若在boot中找到可写、执行段则发出警告。(Generate a warning if any W+X mappings are found at boot.)

ARM:RODATA_FULL_DEFAULT_ENABLED

将叶子页表设置为只读,当需要修改时再通过创建一个临时的交替页表进行更新(It’s fairly rare that linear mappings need to be updated, so to improve security we can map the leaf page table entries as read-only, this makes it harder for an attacker to modify the permissions of the linear mappings, while the overhead is low because the linear mappings don’t need to be changed frequently. When they do need to be updated we can use fixmaps to create a temporary alternative mapping to do the update.)

smep/PXN

x86中叫smep,arm中叫PXN。禁止内核CPU访问用户空间的数据。

smap/PAN

x86中叫smap,arm中叫PAN。禁止内核CPU执行用户空间的代码。

DEFAULT_MMAP_MIN_ADDR

设置最小可申请的地址空间,避免空指针误用。(mmap_min_addr is a kernel tunable that specifies the minimum virtual address that a process is allowed to mmap. )

pti/kpti

内核页表隔离,将用户态和内核态的地址空间放在不同页表中。(split the page tables, which are currently shared between user and kernel space, into two sets of tables, one for each side.)

X86:MICROCODE

将指令解码为microcode/Micro-Ops,这样如果出现CPU硬件错误,通过修改microcode即可。

X86:RETPOLINE

retpoline是google开发的用于针对Spectre变种2漏洞缓解利用的技术。每次CPU在即将执行简接跳转指令时,会去询问间接分支预测(indirect branch predictor),然后投机选择一个最优可能执行的路径;而retpoline则绕过了indirect branch predictor。retpoline包括了return和trampoline,也就是在间接跳转的时候用return指令添加了一个“蹦床”,主要是使用ret指令来实现地址跳转。(As far as I can piece this together from the limited information at the moment, a retpoline is a return trampoline that uses an infinite loop that is never executed to prevent the CPU from speculating on the target of an indirect jump.)

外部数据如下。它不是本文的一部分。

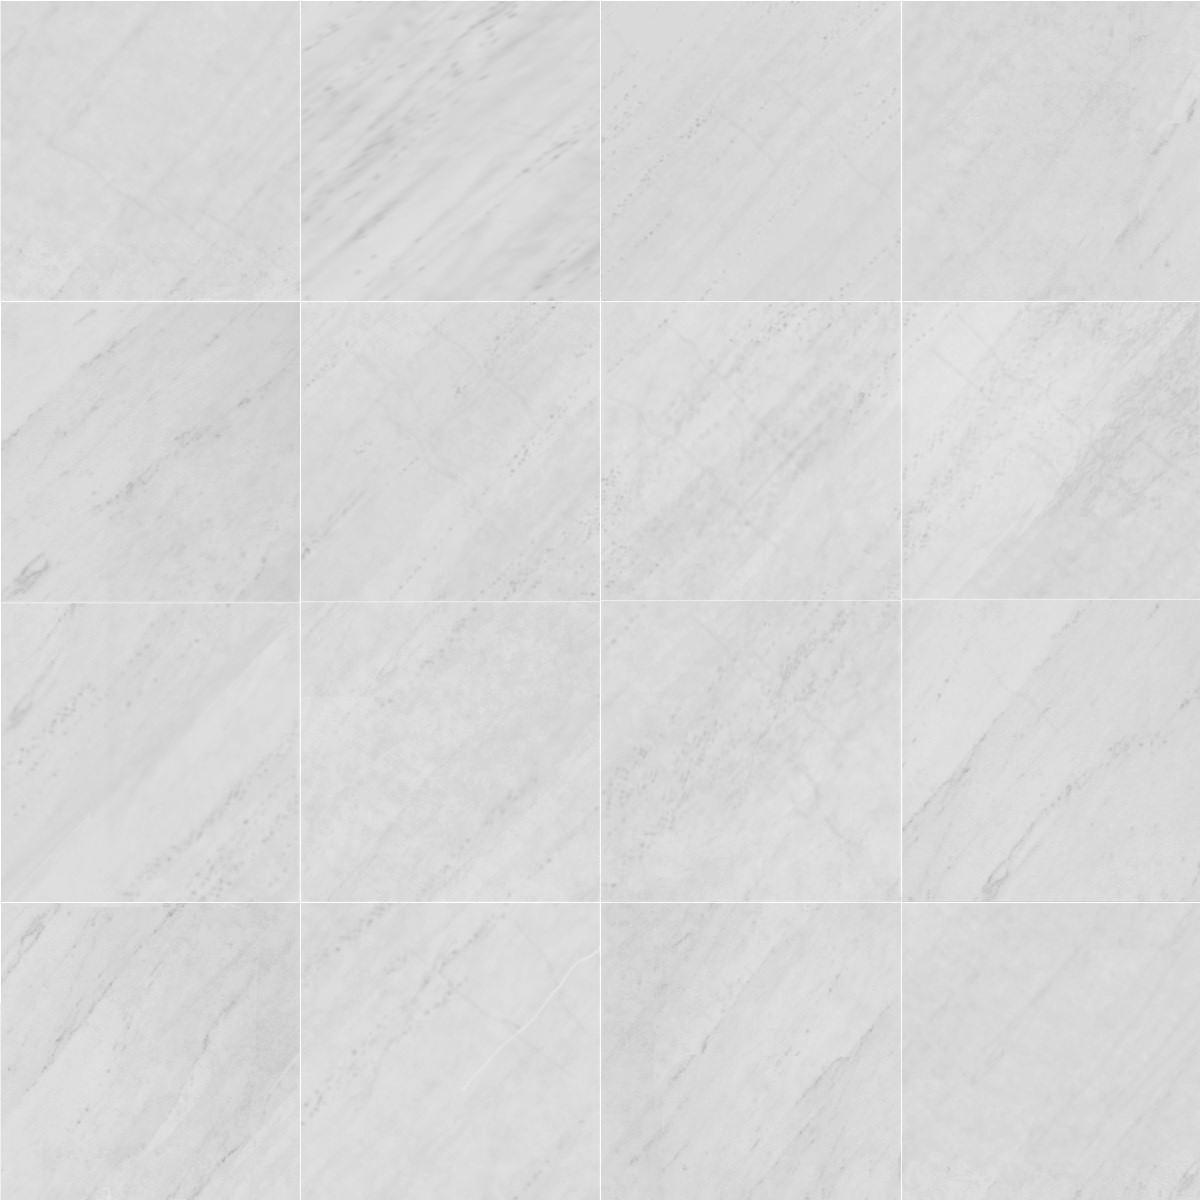 Swtexture Free Architectural Textures Gray Amp White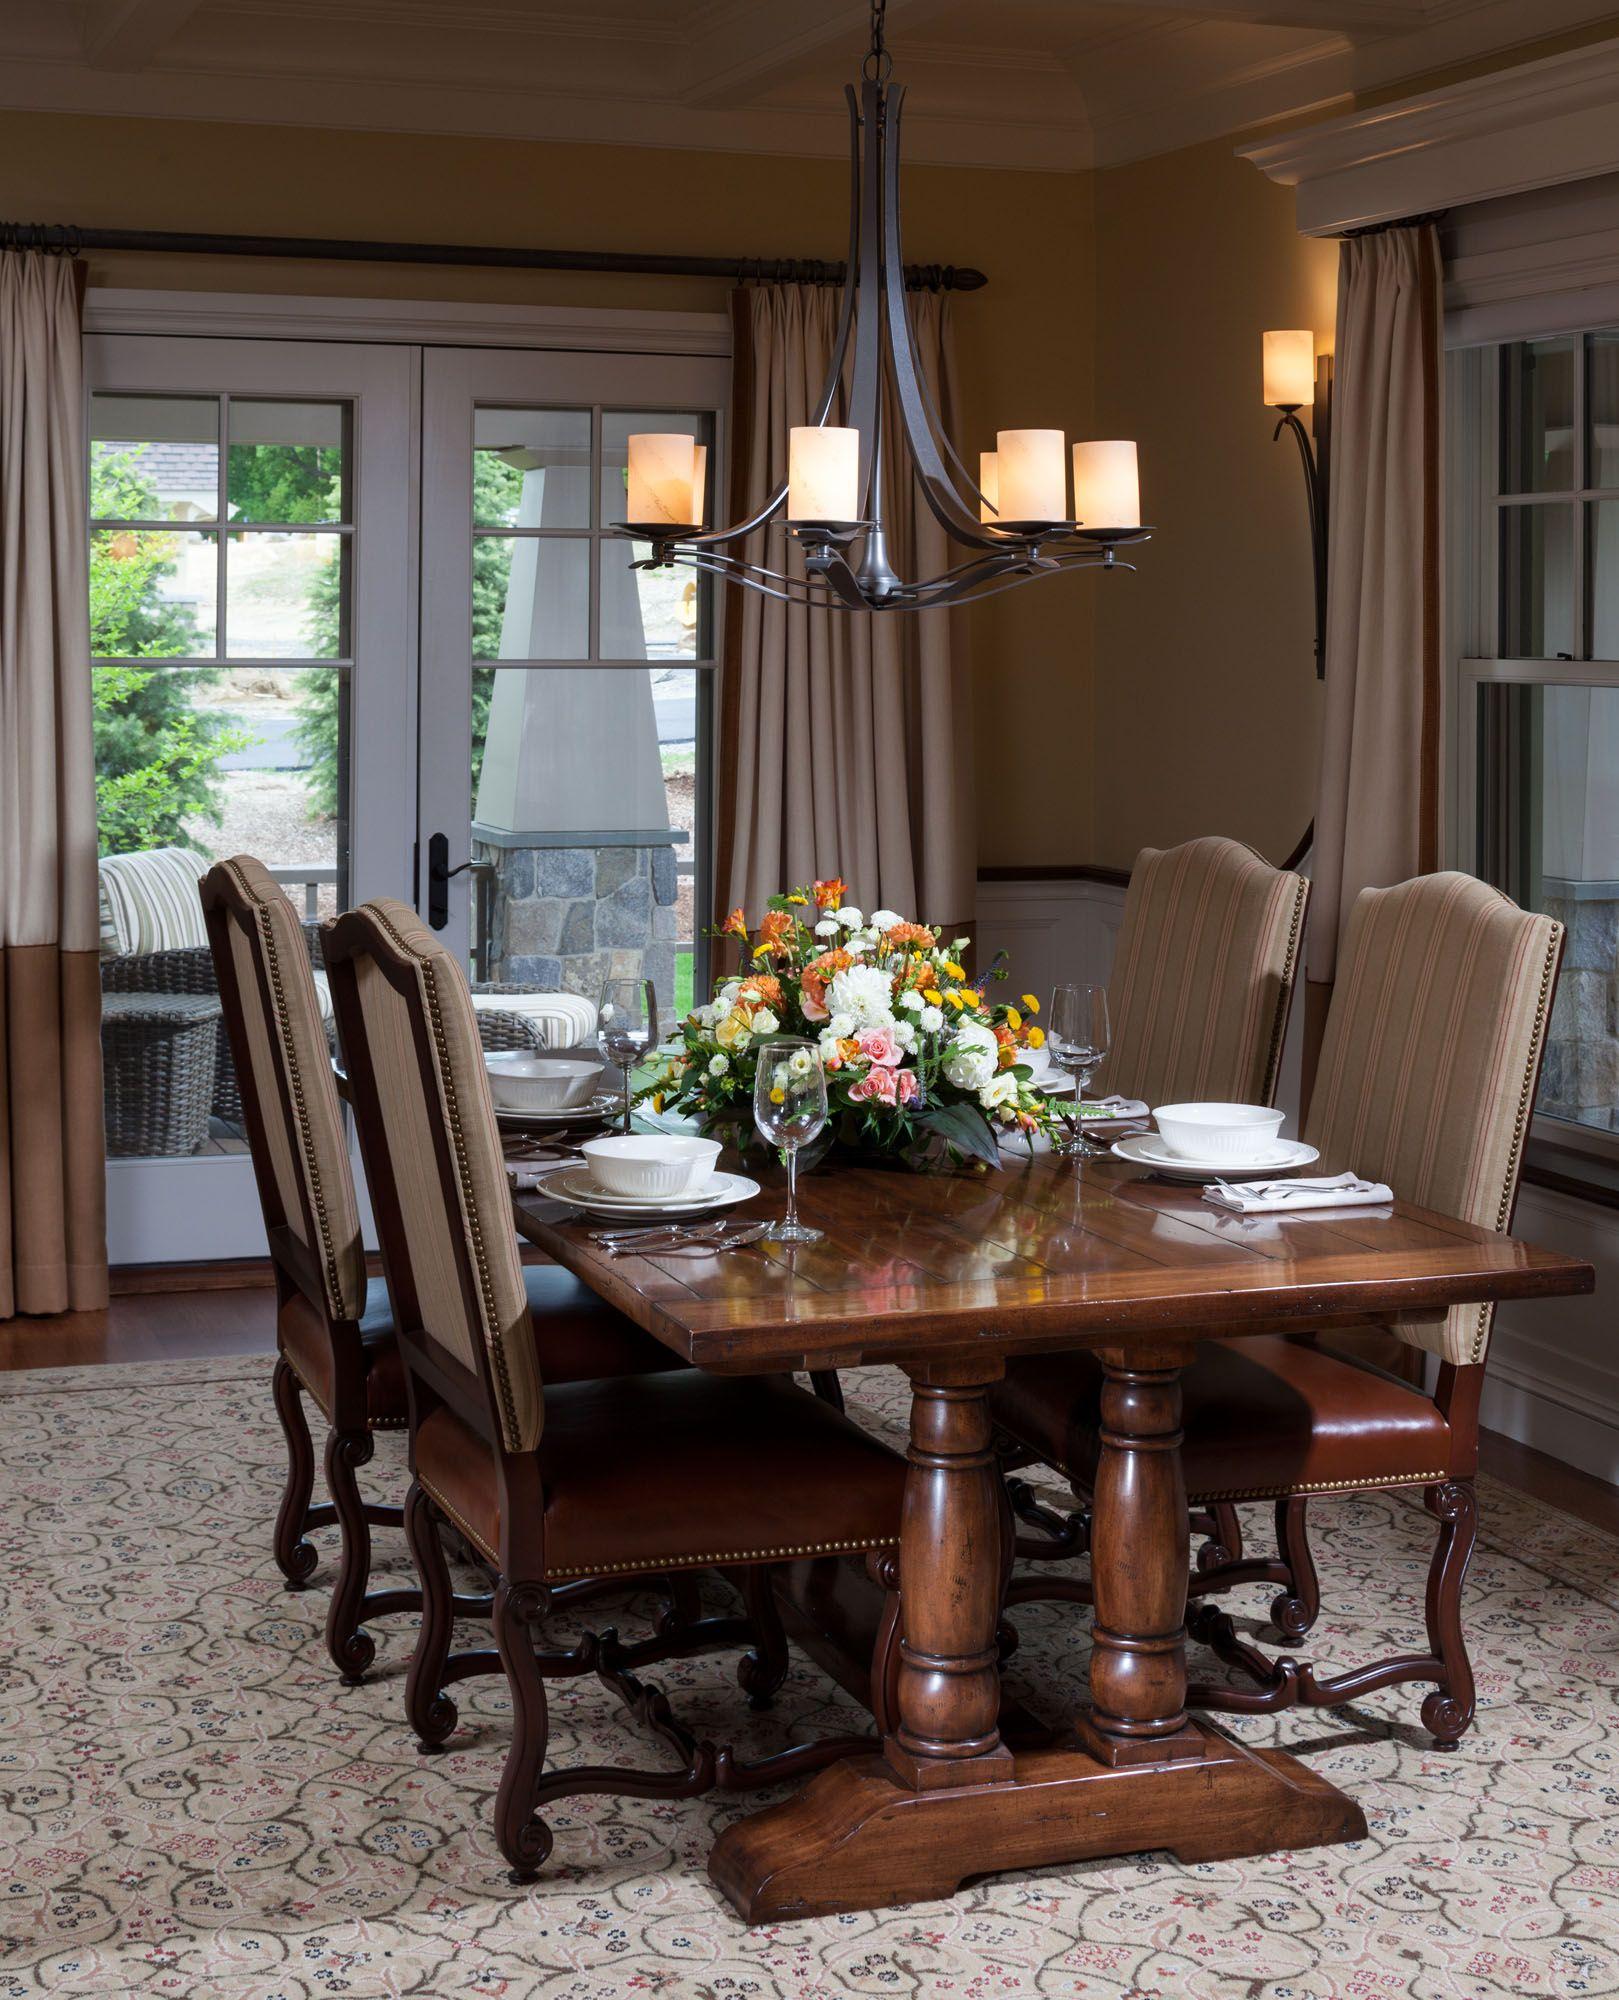 CEBULA DESIGN: Dining Room in Newbury, MA #cebuladesign #interiordesign #diningroom

ARM:HARDEN_BRANCH_PREDICTOR

加强分支预测的,同样是针对Spectre漏洞的缓解技术。(This config option will take CPU-specific actions to harden the branch predictor against aliasing attacks and may rely on specific instruction sequences or control bits being set by the system firmware.)

spec_store_bypass_disable/ssbd

处理器与内存之间维护一个高速缓存,在通常情况下,现代处理器采用Speculative Store Bypass的优化方式提升对高速缓存的访问,但此方法会泄漏投机执行过程中相关的旁路信息,关闭该选项即可全局关闭Speculative Store Bypass优化,也可以通过调用prctl()使特定线程关闭该优化。在X86下如果要更新microcode,需要开启此选项。(Once enabled, mitigation within the guest is identical to bare-metal. User processes can use the prctl() system call and “seccomp” filtering, or system wide mitigation can be turned on with a kernel parameter.)

mds

由内核态切换到用户态、或由hypervisor切换到guset时,对store buffer、fill buffer、load port等缓存执行flush操作,该修复需要miscocode更新支持。当处理器支持SMT时,该修复还需要配合关闭SMT,以防止同一个physical core上的另一个logical CPU重新填充这些缓存。

l1tf

通过逆序存储non-present的PTE的所有bit,这样使用PFN字段字段逆序后在L1缓存中就会发生cache miss,避免被构造出PFN具有特定值的PTE,从而泄漏出L1缓存中的内容。

SLAB_FREELIST_RANDOM

随机化SLAB的freelist,从而缓解堆溢出攻击。(Provides an optional config (CONFIG_SLAB_FREELIST_RANDOM) to randomize the SLAB freelist. The list is randomized during initialization of a new set of pages. The order on different freelist sizes is pre-computed at boot for performance. Each kmem_cache has its own randomized freelist. Before pre-computed lists are available freelists are generated dynamically. This security feature reduces the predictability of the kernel SLAB allocator against heap overflows rendering attacks much less stable.)

SHUFFLE_PAGE_ALLOCATOR

页表申请随机化,但会增大没有缓存的平台的工作量。

slab_nomerge

即不迁移slab。迁移slab会导致内核堆溢出到其他不同的cache,不迁移则能避免堆溢出影响到其他cache。(For reduced kernel memory fragmentation, slab caches can be merged when they share the same size and other characteristics. This carries a small risk of kernel heap overflows being able to overwrite objects from merged caches, which reduces the difficulty of such heap attacks. By keeping caches unmerged, these kinds of exploits can usually only damage objects in the same cache. To disable merging at runtime, “slab_nomerge” can be passed on the kernel command line.)

unprivileged_userfaultfd

允许管理员禁用非特权用户使用缺页中断系统调用。

DEBUG_{LIST,SG,CREDENTIALS,NOTIFIFERS,VIRTUAL}

DEBUG_LIST:检查链表是否正常

DEBUG_SG:检查scatter-gather表

DEBUG_CREDENTIALS:检查指向证书的指针数是否正确,在SELinux下还会检查指向证书的指针

DEBUG_NOTIFIFERS:检查内核通知链

DEBUG_VIRTUAL:检查虚拟页表代码

BUG_ON_DATA_CORRUPTION

当遇到内核内存数据错误时报错。

STATIC_USERMODEHELPER

利用该变量指定的程序来执行从内核中调用用户态函数的操作。

LOCKDOWN_LSM

以模块化可选的载入,用于划清用户态和内核态代码界限,防止root用户篡改内核代码。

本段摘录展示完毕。